The Friese Wouden is a region typified by a dense tree population and alders. The area has an intriguing past. Enthusiasts of nature and cultural history will have the time of their lives. The Nationaal Landschap De Noardlike Fryske Wâlden is very suitable for cycling and walking enthusiasts. If you enjoy gardens, the region boasts many that are designed by famous landscape gardener, Roodbaard. You can also explore the largely undiscovered nature of the area ”t Bûtenfjild’, along a route designed for electric-only boats. Below, we have listed the highlights of a day out in the Frisian Woodlands, with some interesting snippets of info. Take a look at the museumpage for the musea nearby.

Culture in the Frisian Woodland

The Friese Wouden was once a region where workers dug peat under appalling conditions. As soon as the peat was exhausted, the investors simply left the unemployed workers behind. Left with nothing, and in extreme poverty, they built their own huts. Entire families were housed in turf covered huts and sheds. They looked after themselves, they didn’t care for anybody, and nobody cared for them. Decades later, the evangelists and pastors arrived to care for these moorland residents. Step by step, or rather stone by stone, houses, schools, and eventually entire villages were built by the moorland residents. This typifies the current residents of the Friese Wouden, still referred to as ‘Wâldpiken’: full of spirit, just a bit different, and occasionally somewhat cantankerous. A Wâldpik would always prefer to be a small employer rather than an important employee.

Commercial character
Wherever you look in the region, you will see things for sale at the side of the road, from unmanned stalls selling small items that ask the purchaser to leave money in a small pot, to a variety of home businesses.

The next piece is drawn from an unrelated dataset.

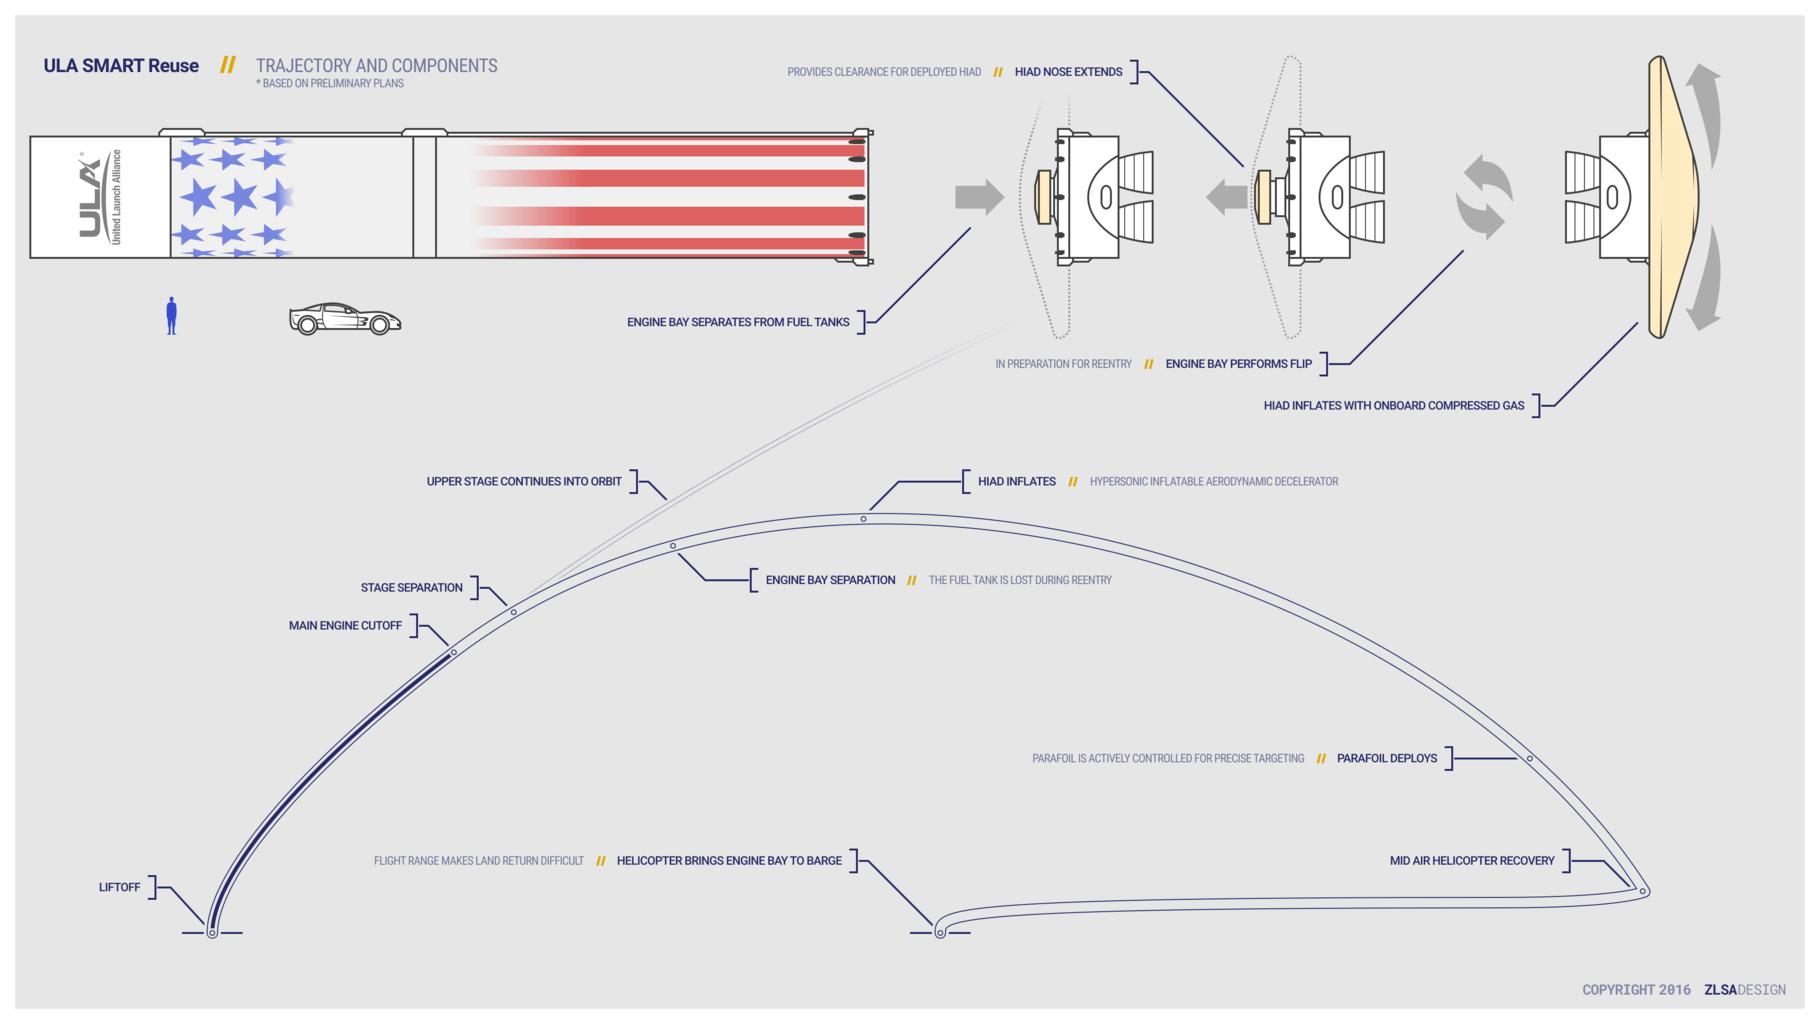 ULA SMART Reuse Trajectory and Components

Old money: Staten and Stinzen (Frisian estates and stone built houses)
When poverty ruled the countryside, estates and stone-built houses were symbols of wealth in Friesland. A large number of these magnificent buildings are now gone. However, a number of estates and stone-built houses remain. Some are “hidden” in beautiful parks, such as those in the Roodbaard gardens by architects Vlaskamp and Roodbaard. Read more about Staten and Stinzen.


Dam Jaarsma folk stories
Dam Jaarsma collected almost 17,000 folk stories. This made him the most prolific collector in the Netherlands and amongst the top three in Europe! His collection is priceless, and a part of it is displayed in the stories room in his hometown of Eastermar, as well as on walking and cycling routes throughout the region. Ask for your free route maps by the closest information point, or book a guided tour by calling: +31657335269 or e-mail

Fishing and cycling in the Frisian Woodland

Fishing: pingo ruins
You almost never see them, but there are around 300 in this region. Circular shaped craters, remnants of the ice age. They are excellent for fishing in. Have you discovered one? Then ask the farmer if you can cross his property to get to the pingo. You can also fish along the Prinses Margrietkanaal (canal), from one the many fishing piers or at Forelvijver de Pingo in Twijzelerheide and De Forelpoel in Kollumerzwaag.


A cycle path network has been laid out throughout the area. De Noardlike Fryske Wâlden has a special 127-km cycle route for those who really want to get to know the region. Some lovely places to take a break are Bergumermeer, De Leyen and Burgum.


Bûtenfjild is in Trynwâlden, nearby the city of Leeuwarden and it ‘s name is Frisian for ‘the outside field’. From 2017 a route for electric-only boats is operational in this as-yet undiscovered area. Besides boating, the area is also ideal for walkers and cyclists, so visit the walking page for a route.

Botanical garden De Kruidhof

Wander until your heart’s content in De Kruidhof, botanical gardens, which comprise of no less than 17 gardens with different themes and represent the largest botanical collection of medicinal herbs in Western Europe. There are, of course, plenty of ornamental plants available, but also large numbers of plants that are used in food. There is, for example, a border dedicated to a variety of herbs used in the secret recipe of the herbal drink, Berenburg. You will immediately recognise the unmistakable aroma of sage, thyme and lavender drifting from the kitchen herb garden. The ‘Fruithof’ features around 300 different types of fruit including a few special regional varieties. Agricultural crops grown during bygone days in the Friese Wouden can be found in the ‘cultuurgewassentuin’ (garden of cultural crops). The herbs on display in De Kruidhof can be purchased fresh for home use. Nice to know: your entrance ticket not only includes admission to the botanical gardens, it is also valid for the Ice Age Museum.